▶ _Data extract_:
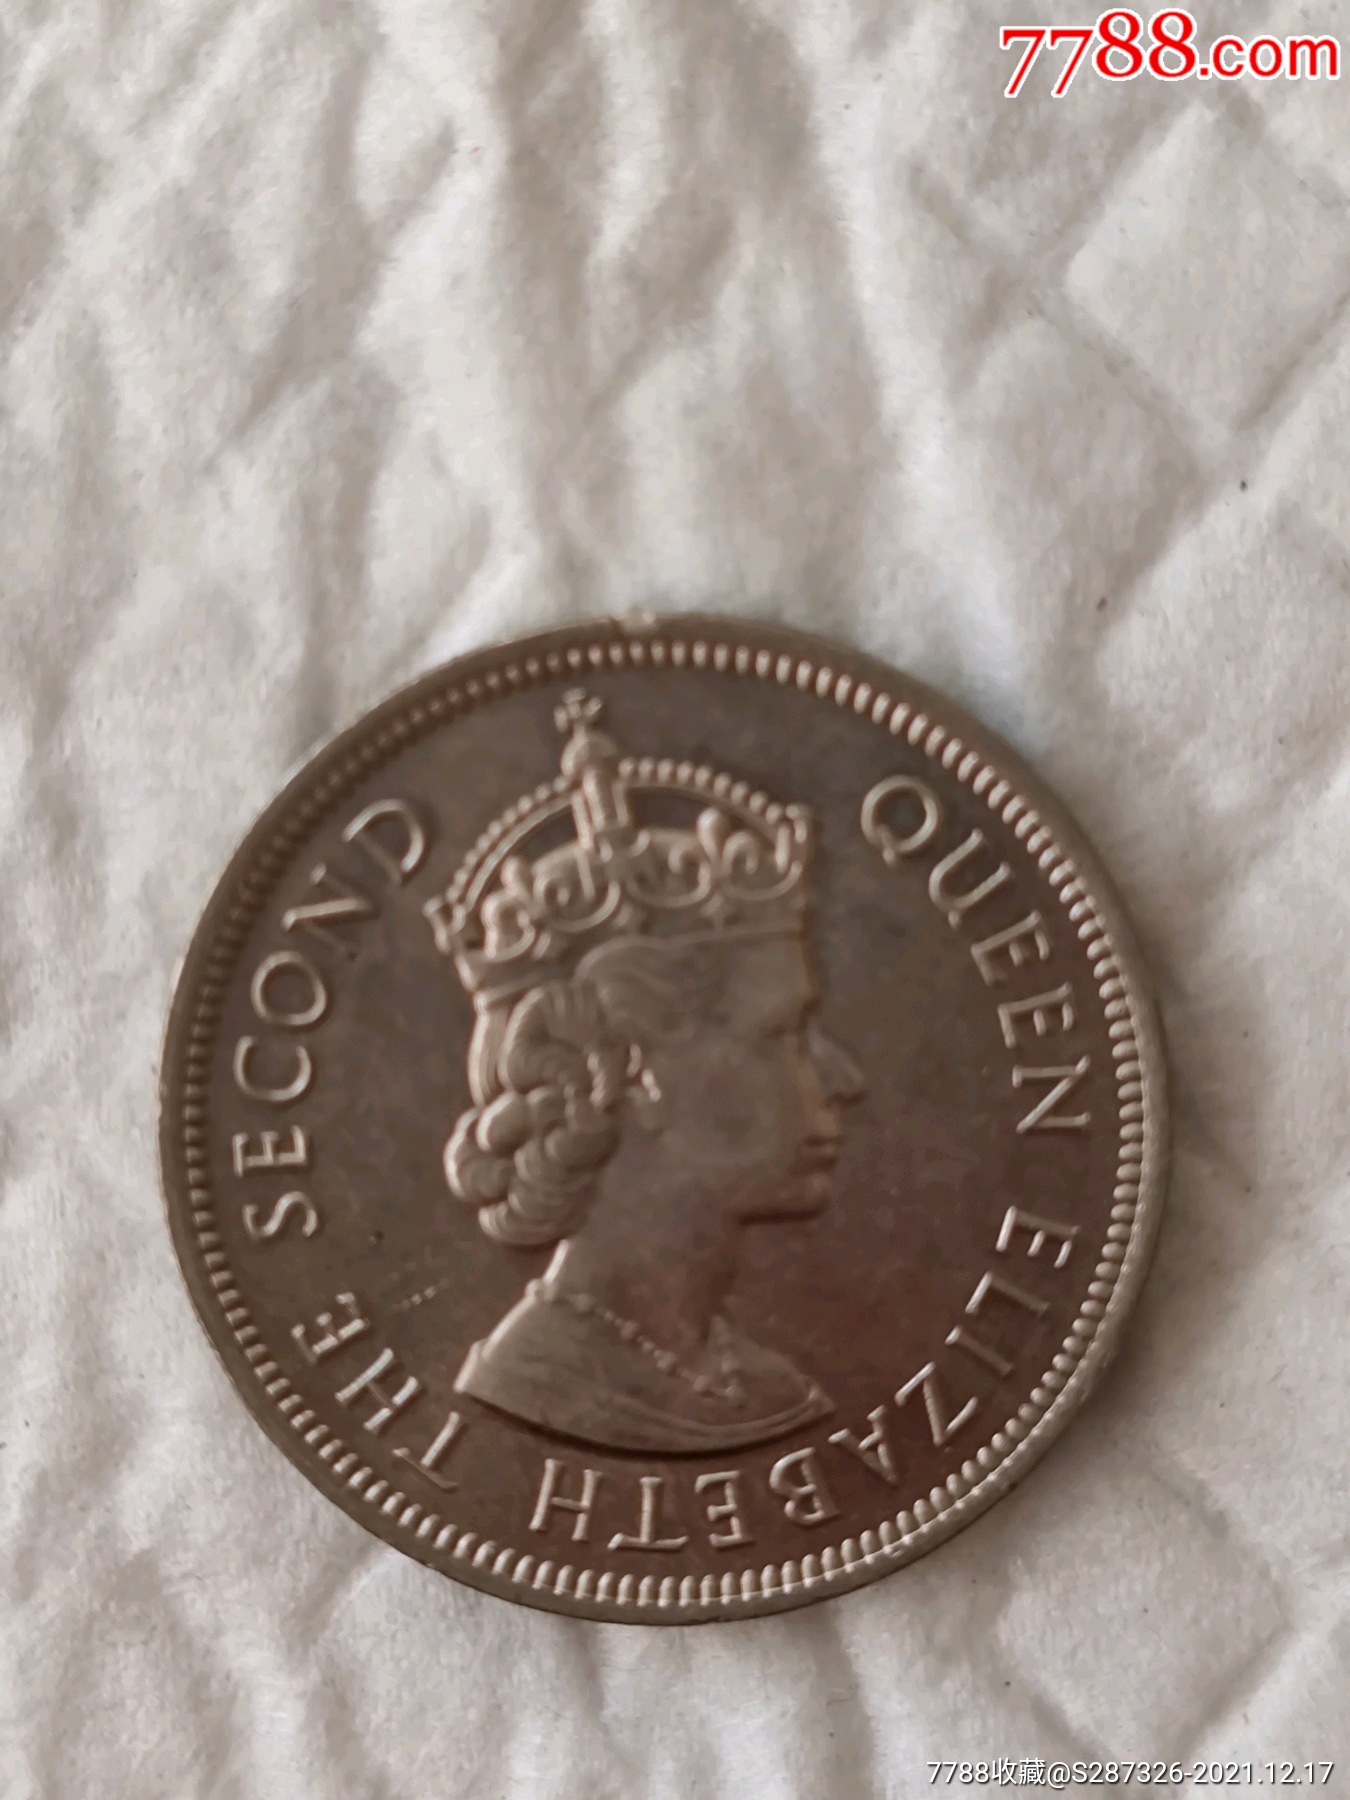 英国女王头像硬币早期香港硬币壹圆通走包邮
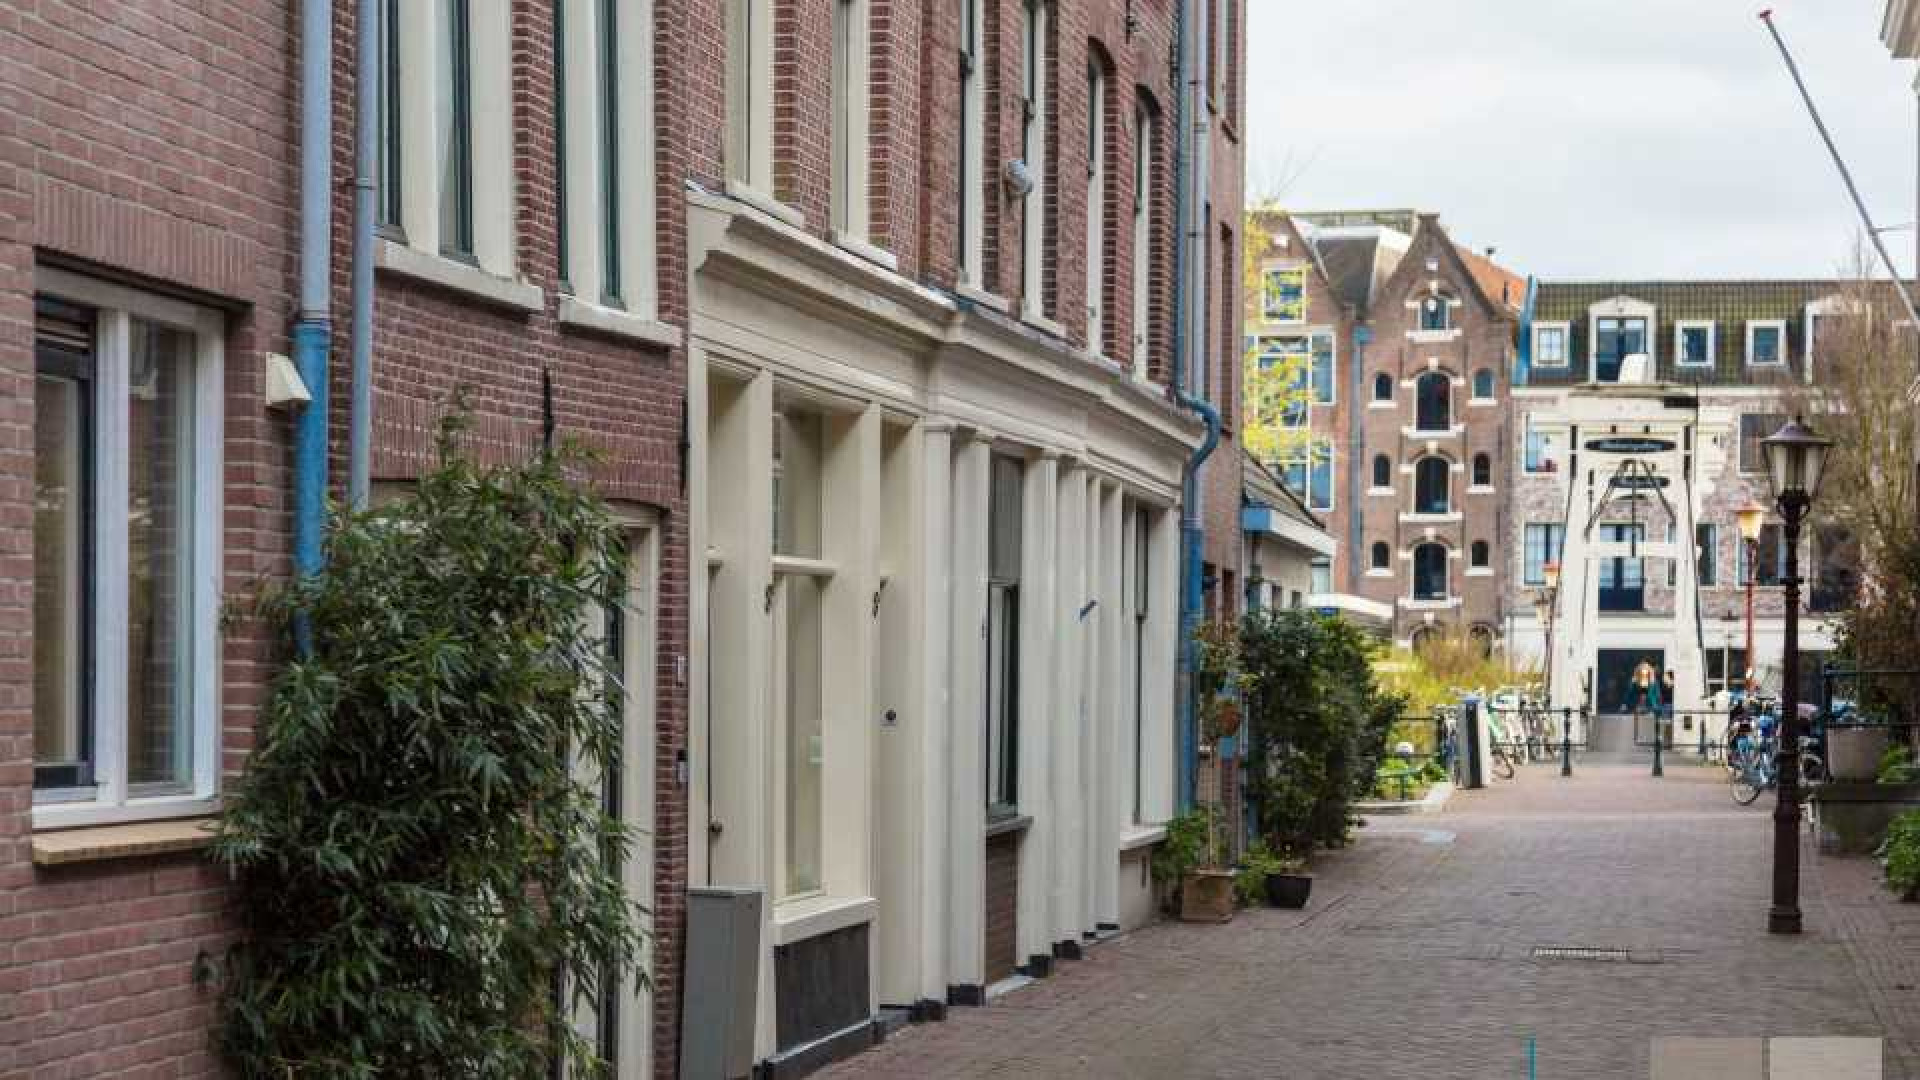 Rob Oudkerk zet scheidingshuis met korting weer in de verkoop. Zie foto's
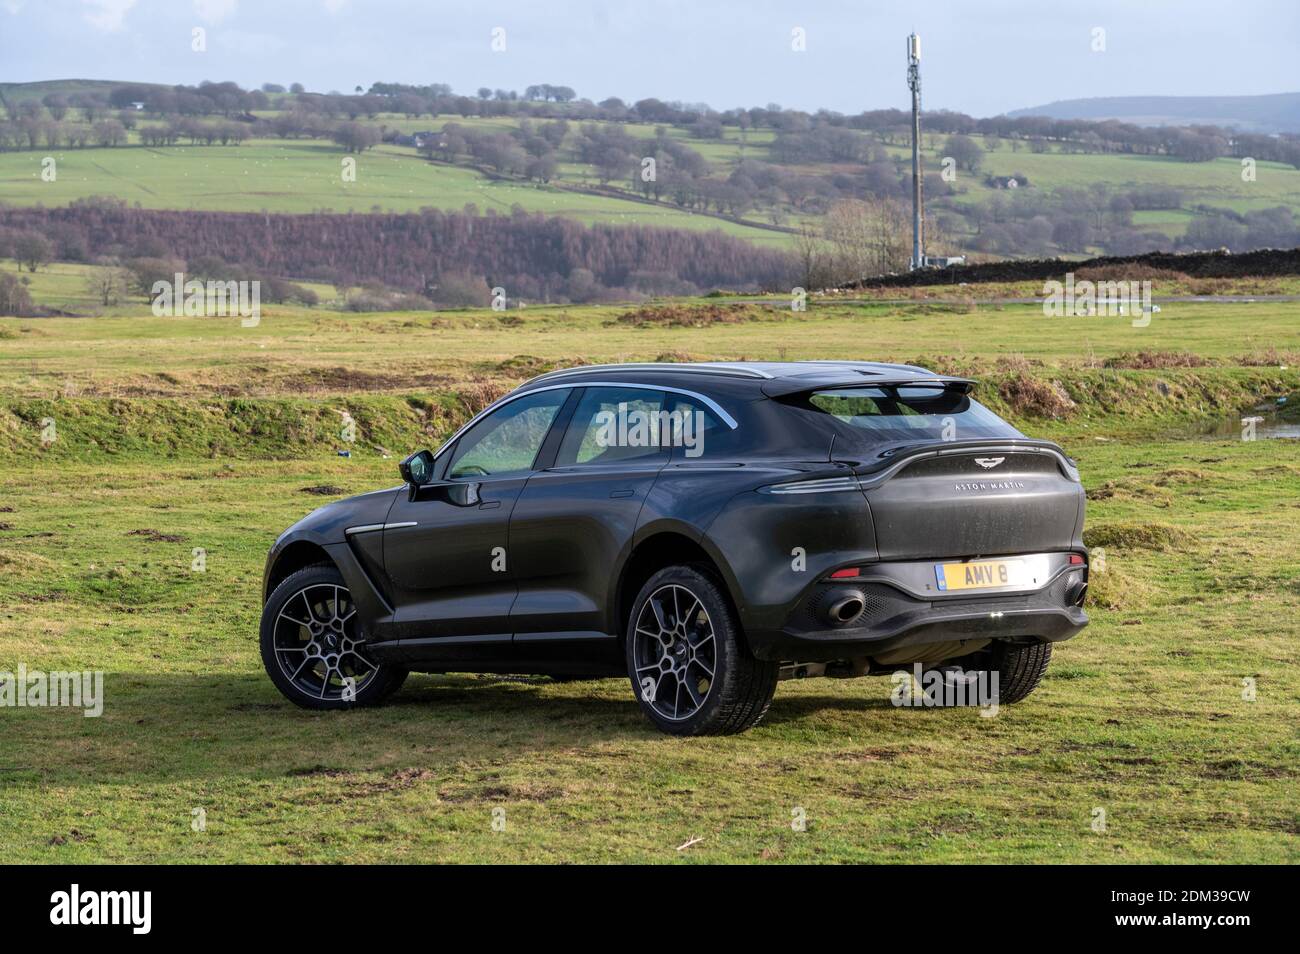 Un vus V8 Aston Martin DBX de 4 litres avec une vitesse maximale de 180 km/h et un prix à partir de 158,000 £ sur les sommets montagneux du sud du pays de Galles. Banque D'Images

▶ _Task directions_: Word for word, return the material above, but drop the pictures.

▶ _Answer box_:
 英国女王头像硬币早期香港硬币壹圆通走包邮
 Rob Oudkerk zet scheidingshuis met korting weer in de verkoop. Zie foto's
 Un vus V8 Aston Martin DBX de 4 litres avec une vitesse maximale de 180 km/h et un prix à partir de 158,000 £ sur les sommets montagneux du sud du pays de Galles. Banque D'Images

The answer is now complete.